Ceza Davası Nedir
Ceza muhakemesi ya da halk arasında bilinen adıyla ceza davaları, ceza hükmü içeren fiillerin ceza hükümlere aykırı olup olmadığının ve gerçekleştirilen fiilin hangi hükme tabii olacağının araştırıldığı davalardır.
Ülkemizde ceza davası açılabilmesi için, suçun ve suçun faili olduğu iddia edilen kişinin tespiti ve yapılan soruşturma sonucunda yeterli şüphe ile bu şüpheyi destekleyecek delillerin toplanması zorunludur. Suç işlendiği bilgisi edinildiğinde, adli makamlar tarafından yürütülen araştırma sonucunda yeterli delil elde edilirse, şüpheli hakkında düzenlenen iddianame ile Cumhuriyet Savcısı tarafından kamu adına ceza davası açılması talep edilir. İddianamenin kabul edilmesiyle birlikte, kovuşturma aşaması, yani halk diliyle ceza davası açılmış olur.

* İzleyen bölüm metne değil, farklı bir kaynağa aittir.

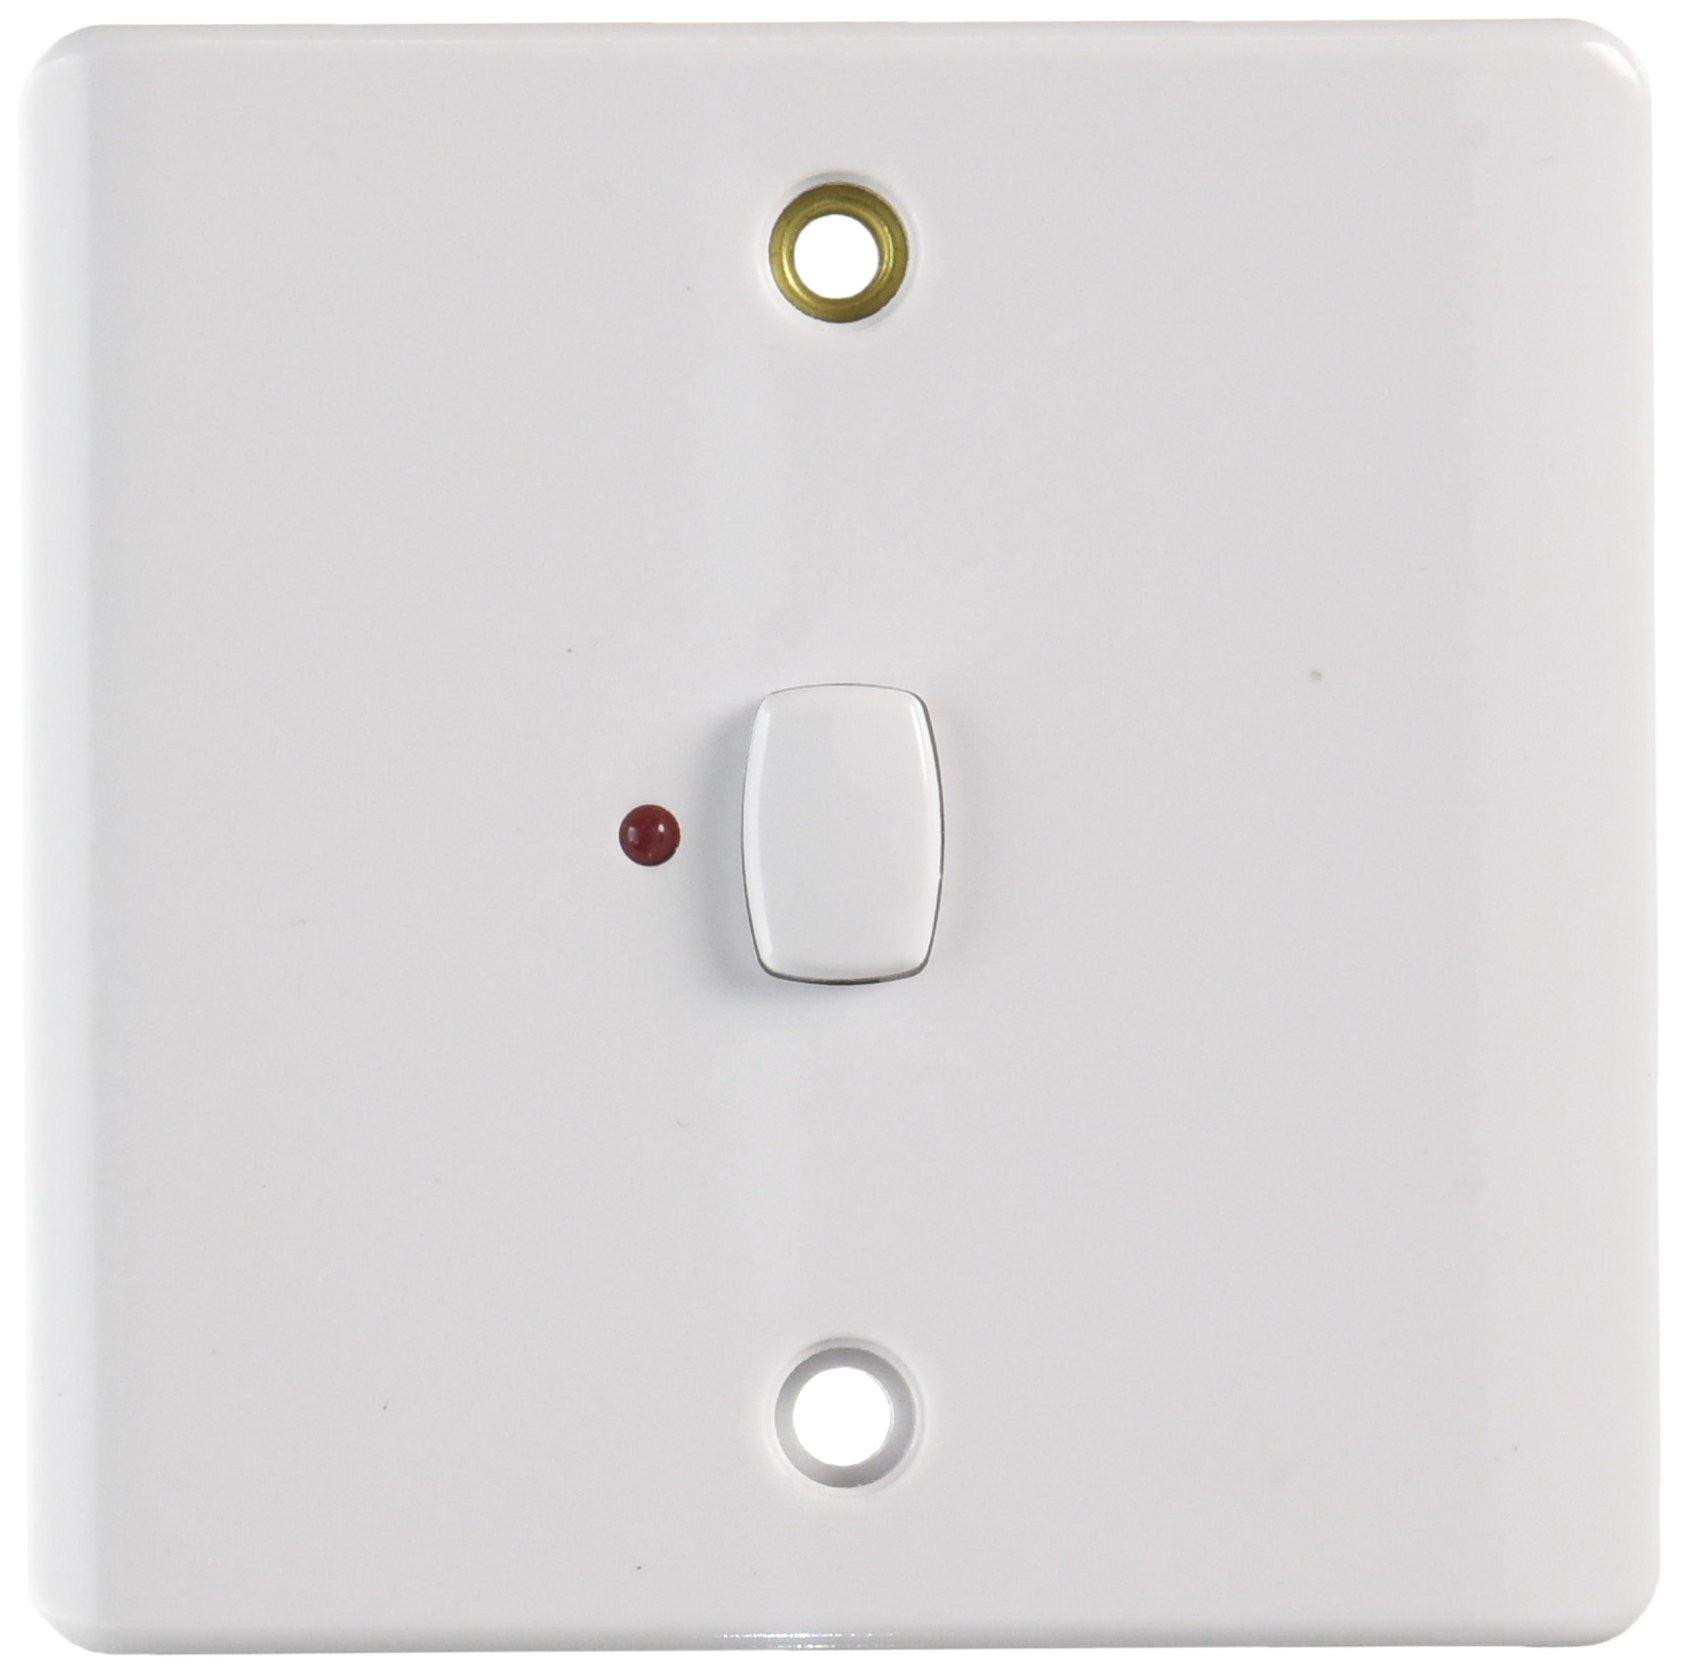 Smart Light Switch: Amazon.co.uk

Ceza davasının başlamasıyla artık sanık sıfatını alan şüphelinin ve müdafisinin iddialara karşı sunduğu beyanlar savunmayı oluşturur. Bu bağlamda; Cumhuriyet Savcısı ve katılan sıfatı almış suçtan zarar gören müşteki, ceza davasının iddia ayağını oluştururken sanık ve müdafisi ise ceza davasının savunma ayağını oluşturur.

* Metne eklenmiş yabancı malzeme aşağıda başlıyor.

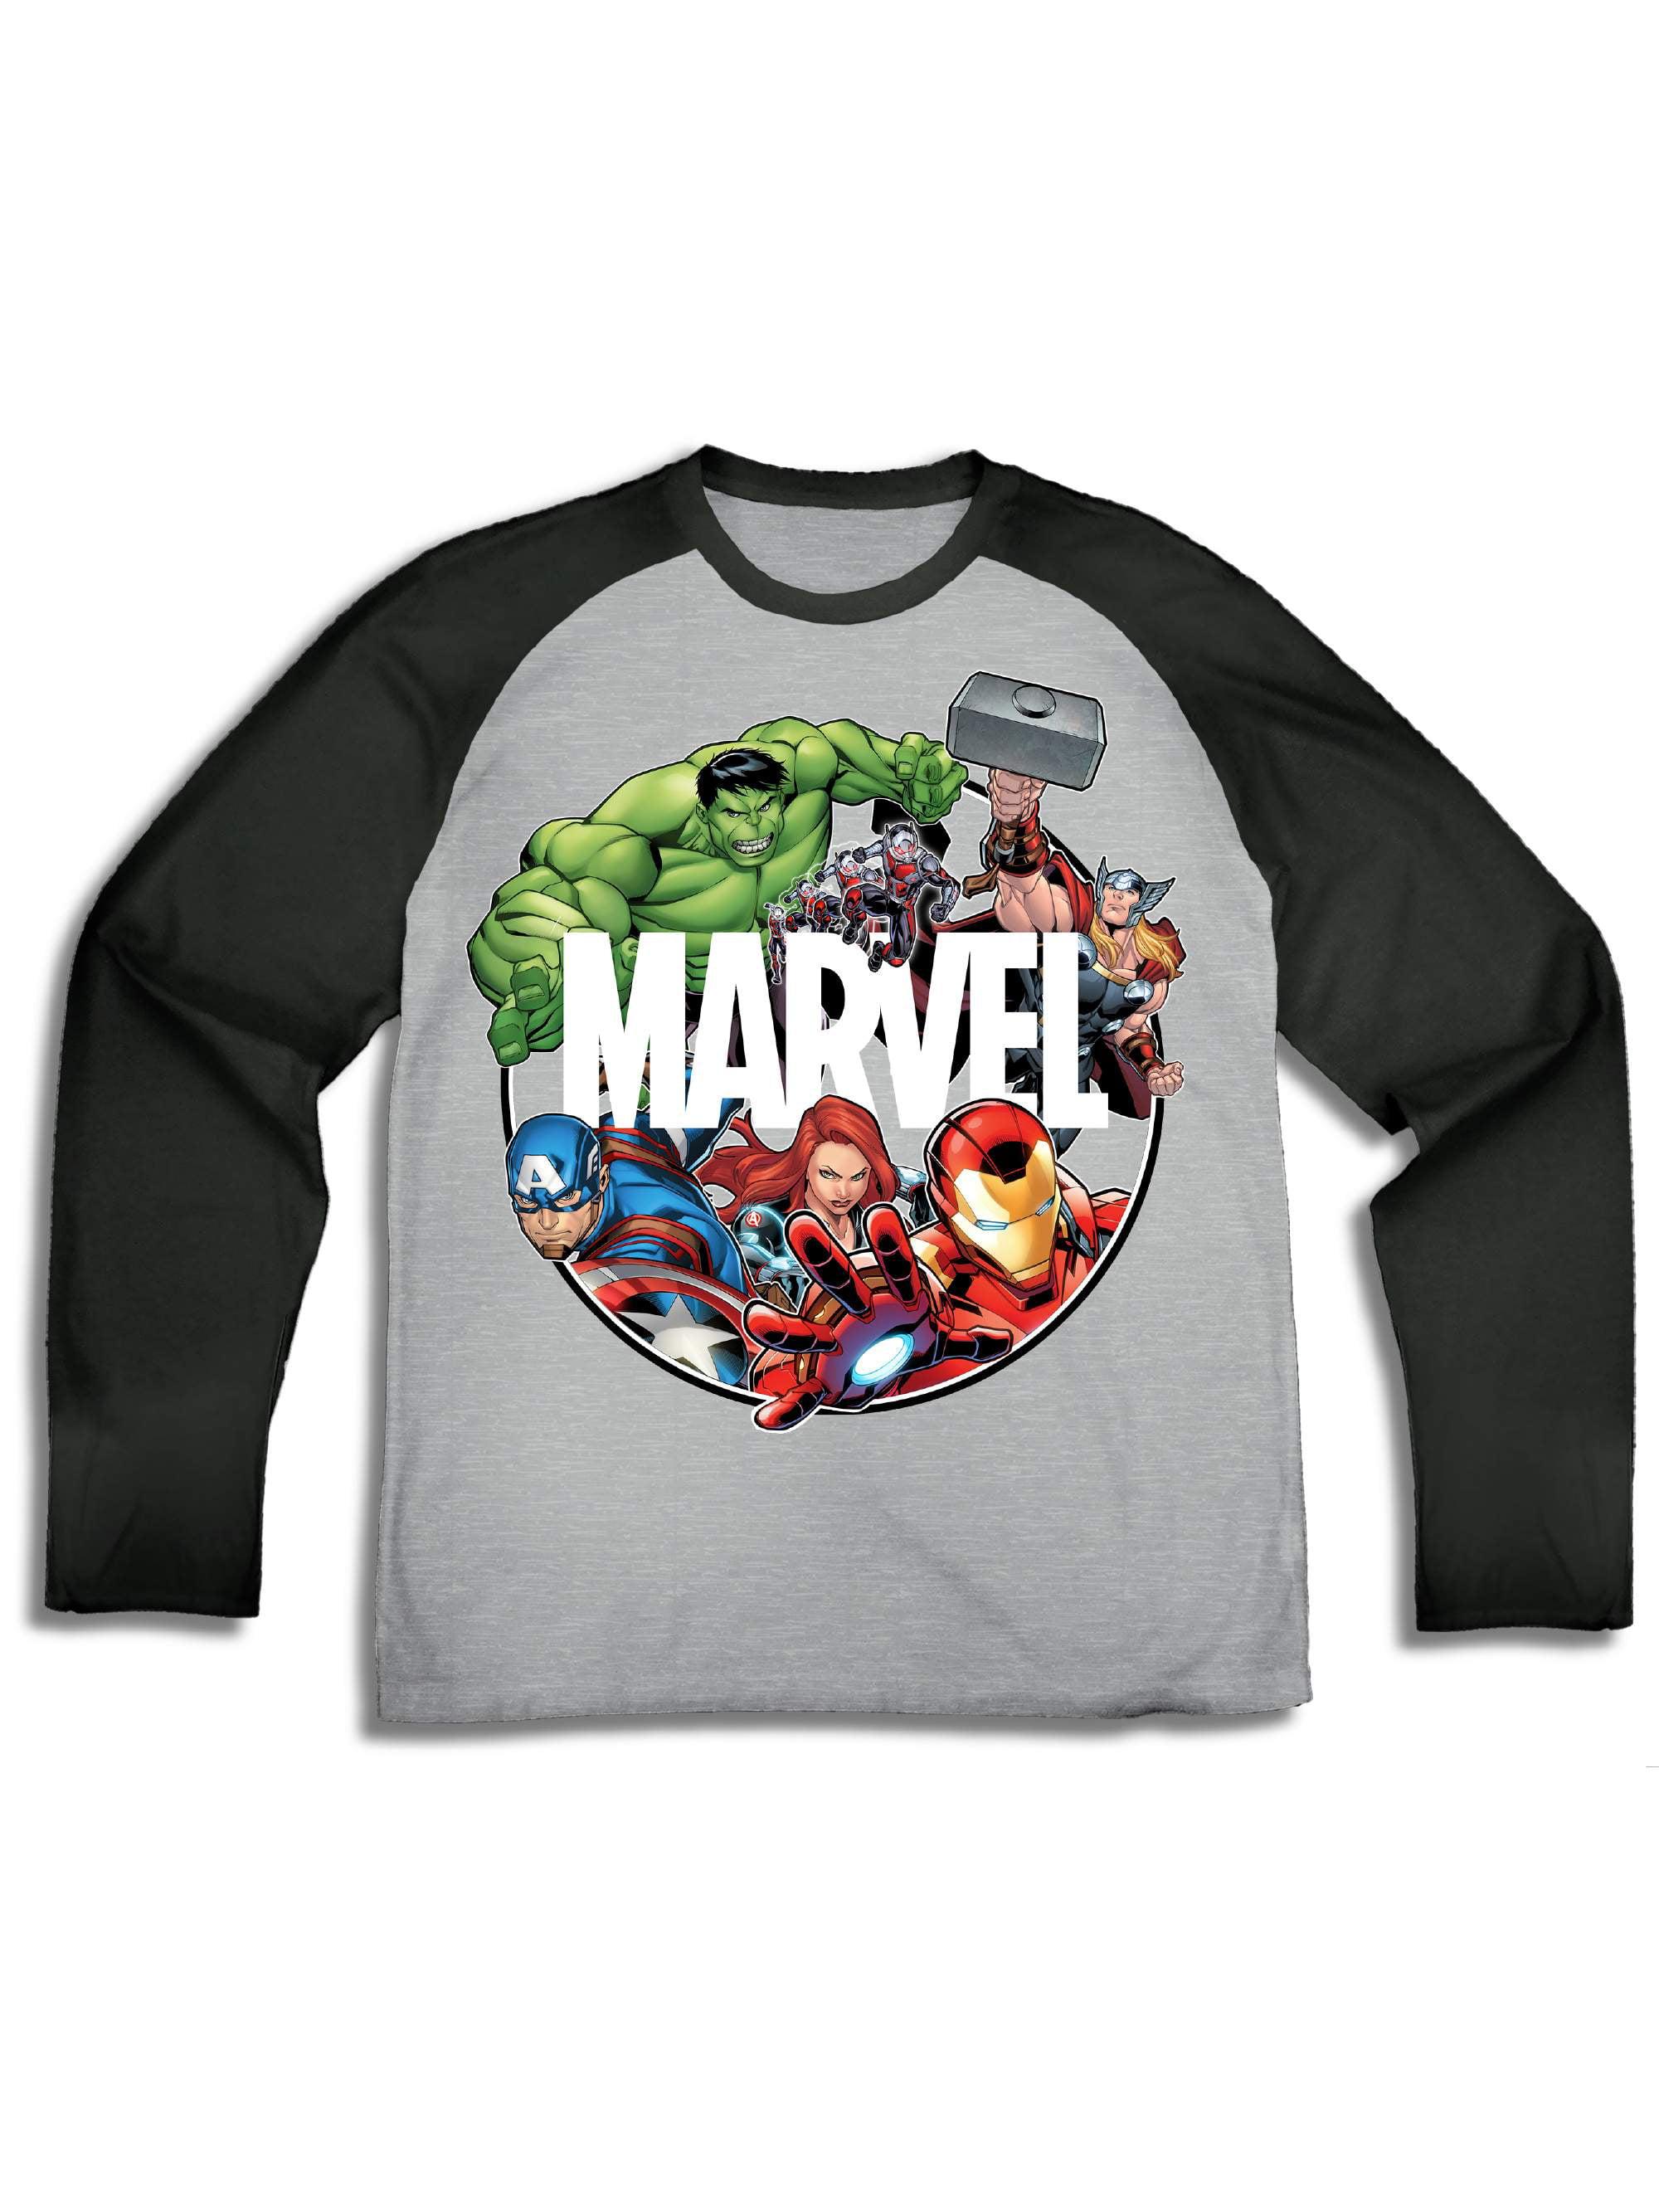 54fdbcfcbfe7 Marvel - Long Sleeve Raglan Graphic Tee (Little Boys   Big Boys) -  Walmart.com

Ceza davalarında nihai amaç somut gerçeğe ulaşmaktır. Bu kapsamda mahkemelerin görevi ise re’sen araştırma yaparak, iddia ile savunma makamlarının görüşlerini değerlendirerek ve dosya kapsamında toplanan delilleri inceleyerek iddiaya konu suç ve sanık ile ilgili olarak vicdani kanaati doğrultusunda hüküm tesis etmektir. İddia, savunma ve yargılamadan oluşan bu ortak faaliyete ceza muhakemesi / ceza davası denir.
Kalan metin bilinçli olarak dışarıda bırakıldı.